# Assignment
Your job with the data below: print everything from the line that holds "Charlotte, North Carolina, USA." down to the line that holds "AR9 Single-Stage Competition Trigger", ends included, exactly, and nothing else.

# Dataset excerpts
=-=-=
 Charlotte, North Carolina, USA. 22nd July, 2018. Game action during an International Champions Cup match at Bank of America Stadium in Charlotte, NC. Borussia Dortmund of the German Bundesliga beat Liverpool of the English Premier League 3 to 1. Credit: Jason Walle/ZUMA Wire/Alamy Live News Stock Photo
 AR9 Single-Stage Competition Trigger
=-=-=
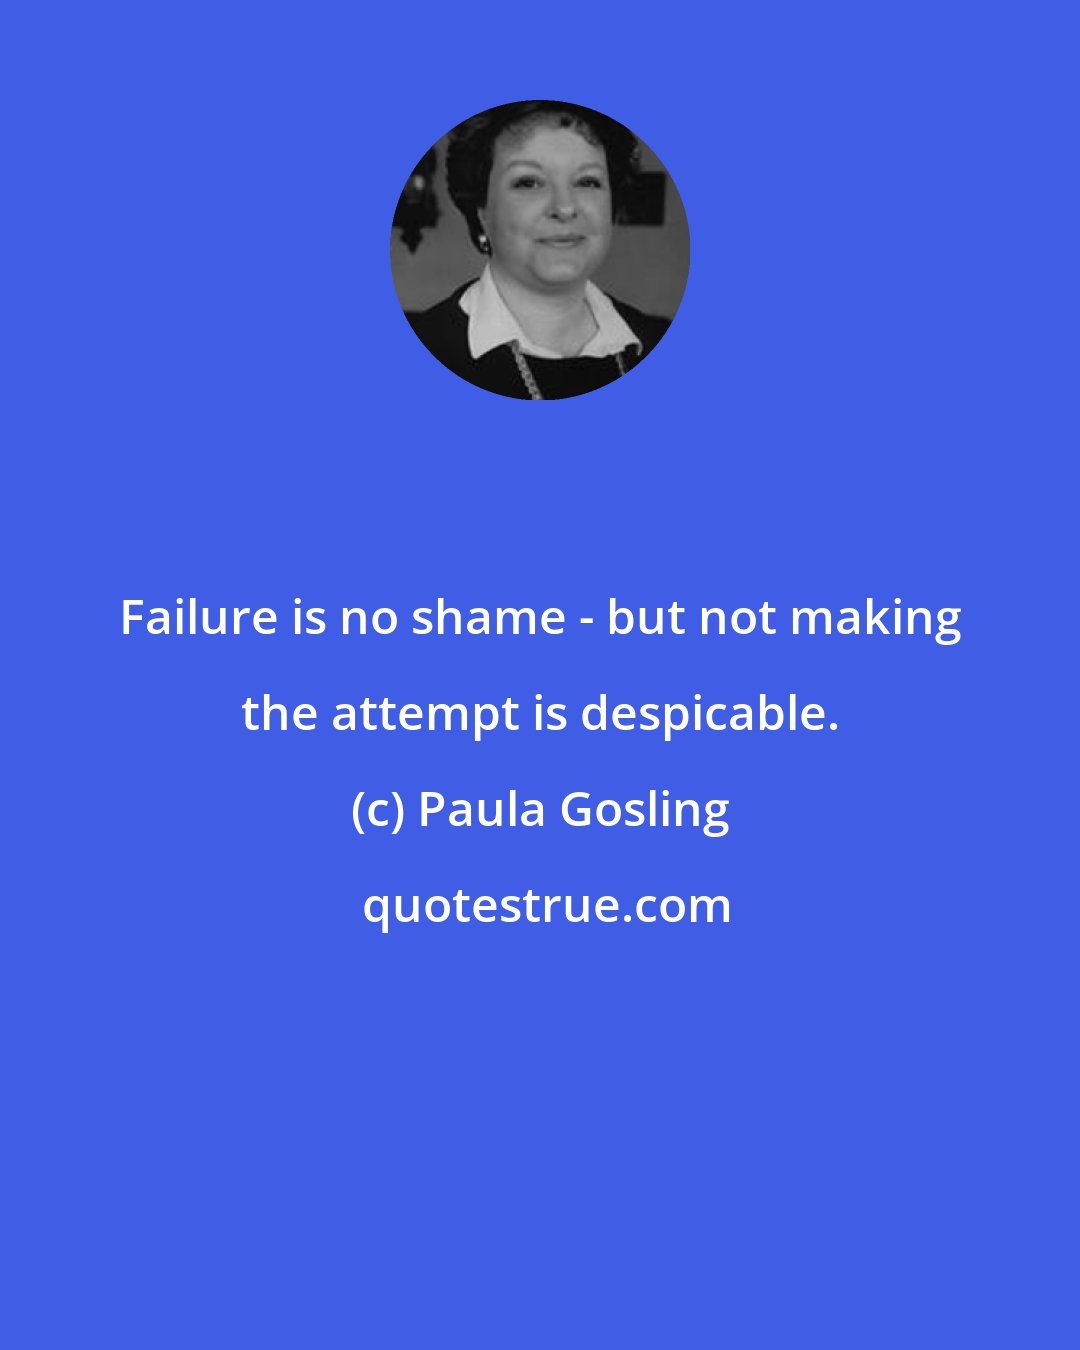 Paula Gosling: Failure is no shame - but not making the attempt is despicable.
=-=-=
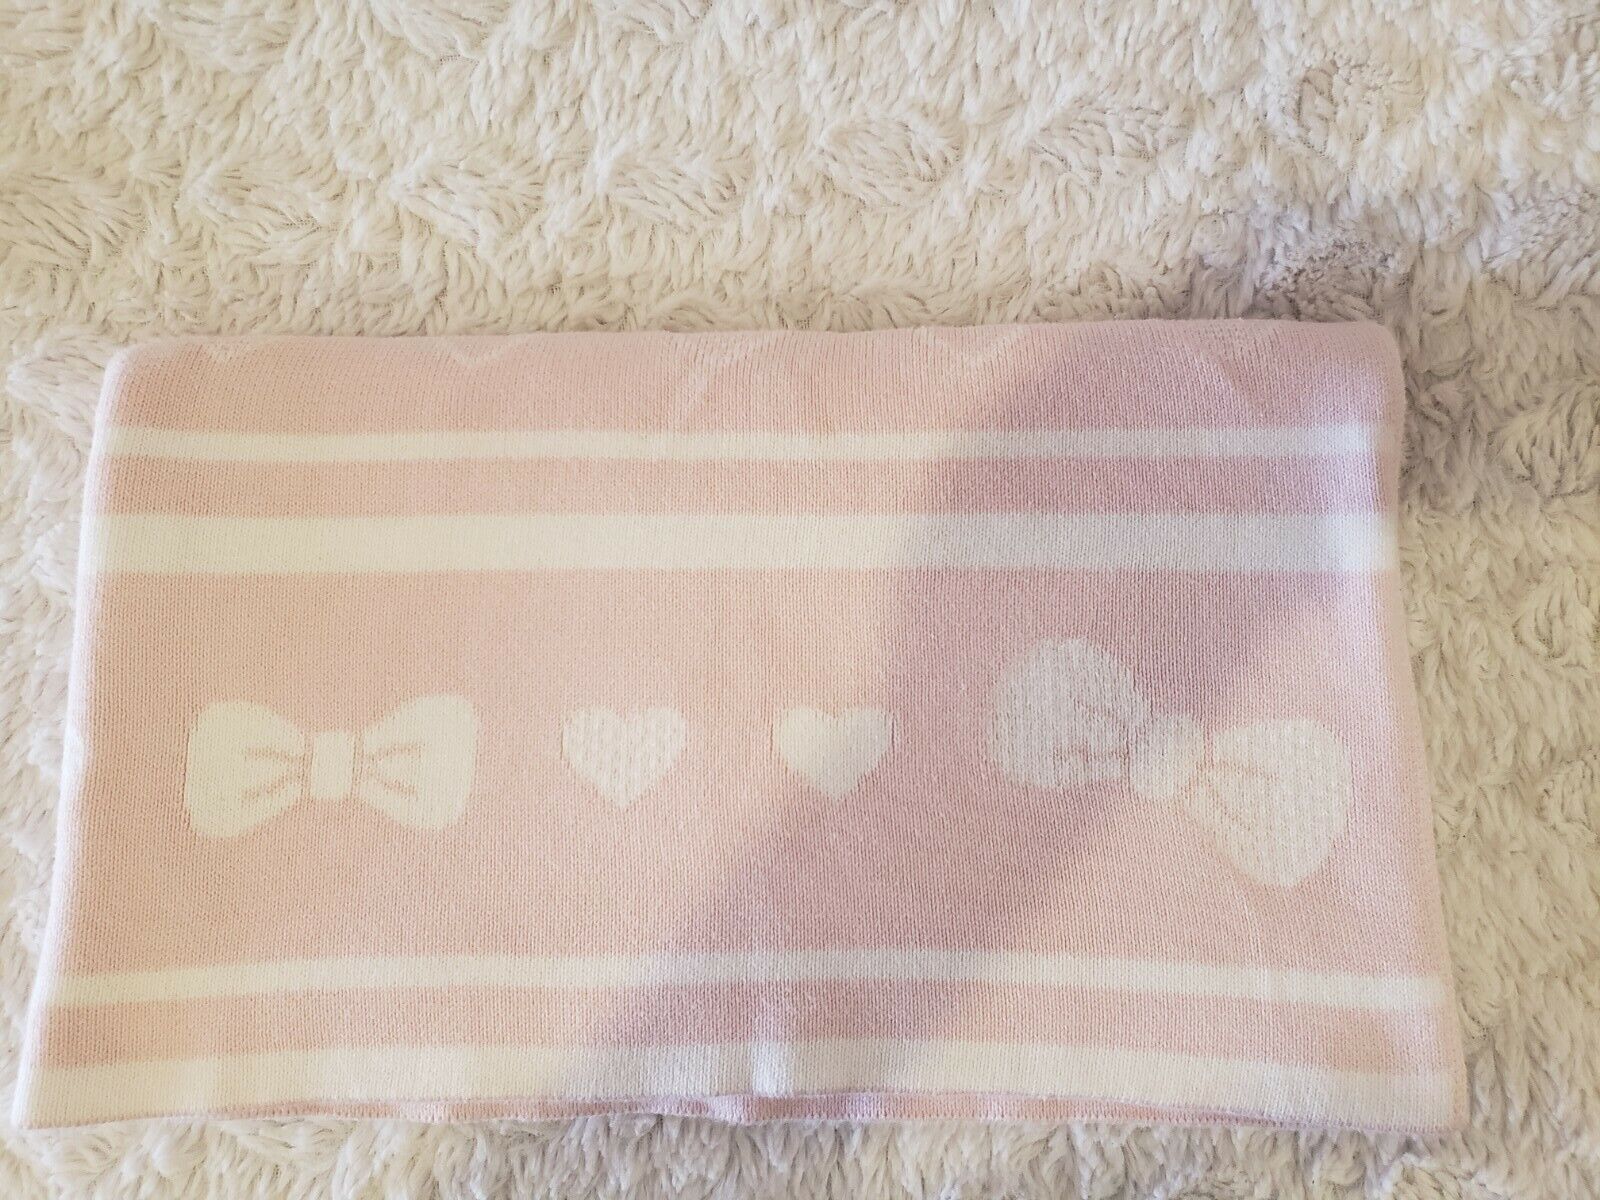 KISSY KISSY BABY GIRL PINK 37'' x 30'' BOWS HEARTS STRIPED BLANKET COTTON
=-=-=
# Task result
 Charlotte, North Carolina, USA. 22nd July, 2018. Game action during an International Champions Cup match at Bank of America Stadium in Charlotte, NC. Borussia Dortmund of the German Bundesliga beat Liverpool of the English Premier League 3 to 1. Credit: Jason Walle/ZUMA Wire/Alamy Live News Stock Photo
 AR9 Single-Stage Competition Trigger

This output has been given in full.